My 'Keep Religion Out of Christmas Campaign' seemed to be going well, I hardly heard any mention of Jesus last year and it was his birthday on the 25th so that's good going but then he has been sidelined in favour of the Jolly Fat Man with the presents for a while now so give it a few years and it will be 'Jesus who? and we can all stop killing each other over which of the religions is more peaceful because religion will be consigned to the history books along with the Earth being flat and eating bread crusts will make your hair curly.
Hopefully we can move onto old cliched phrases that we hear over and over in certain situations which really need to be taken out of circulation such as when you go out for a meal and the sharing platter arrives and someone says: “Well here’s mine, what’s everyone else having?' or if you ask someone if they want sugar in their tea and they reply: 'No thanks, I’m sweet enough' for which hard labour in a Siberian prison is too kind.  

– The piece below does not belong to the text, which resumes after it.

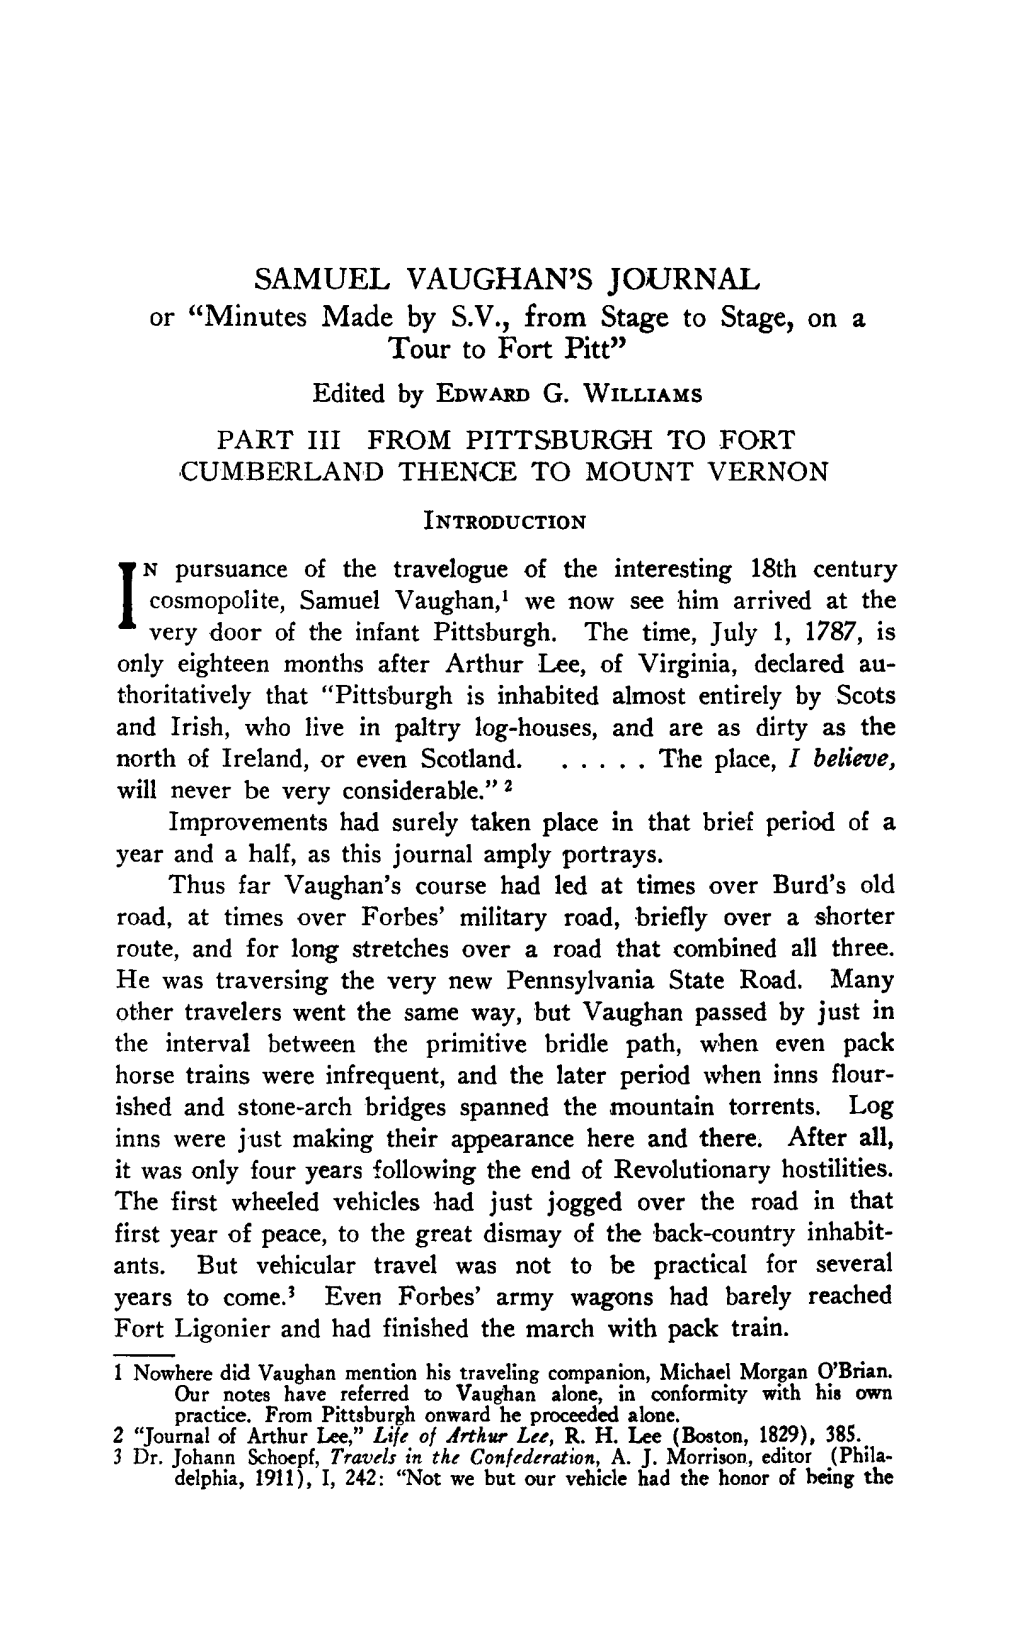 SAMUEL VAUGHAN's JOURNAL Or "Minutes Made by S.V., from Stage to Stage, on a Tour to Fort Pitt" Edited by Edwabd G

Another one is when you are washing your car and the neighbour walks by and says 'You can do mine next' or 'You’ve missed a bit' which has you scanning Law Books to see if there is some long forgotten law still on the statute books which allows you to tie them to your bumper and drag them across the City.
Another one is if you ask someone the time and they say 'Time you got a watch' or look at their wrist and say 'Hair past a freckle' or when you drop and break something, you hear a voice say: 'Don;t think you wanted to do that', no shit Sherlock.
If you someone starts a sentence with: 'No offense, but..' or 'I'm not Racist but...' then it doesn't stop what follows being offensive or racist and if something 'goes without saying' then why are you still going to fecking say it?
'Can I get' to a shop assistant should be answered with,'No, i'm here so i will get it for you' and 'Hot enough for ya? in the middle of Summer should be punishable by being held upside down by your ankles from a car park and being asked high enough for ya?
Probably the worst one is when you ask someone a question and they reply: 'I could tell you, but then I'd have to kill you' which has you wishing someone would because then you wouldn't have to hear that cliched utterance again and 'Working hard or hardly working' should be met with the reply harder than you obviously.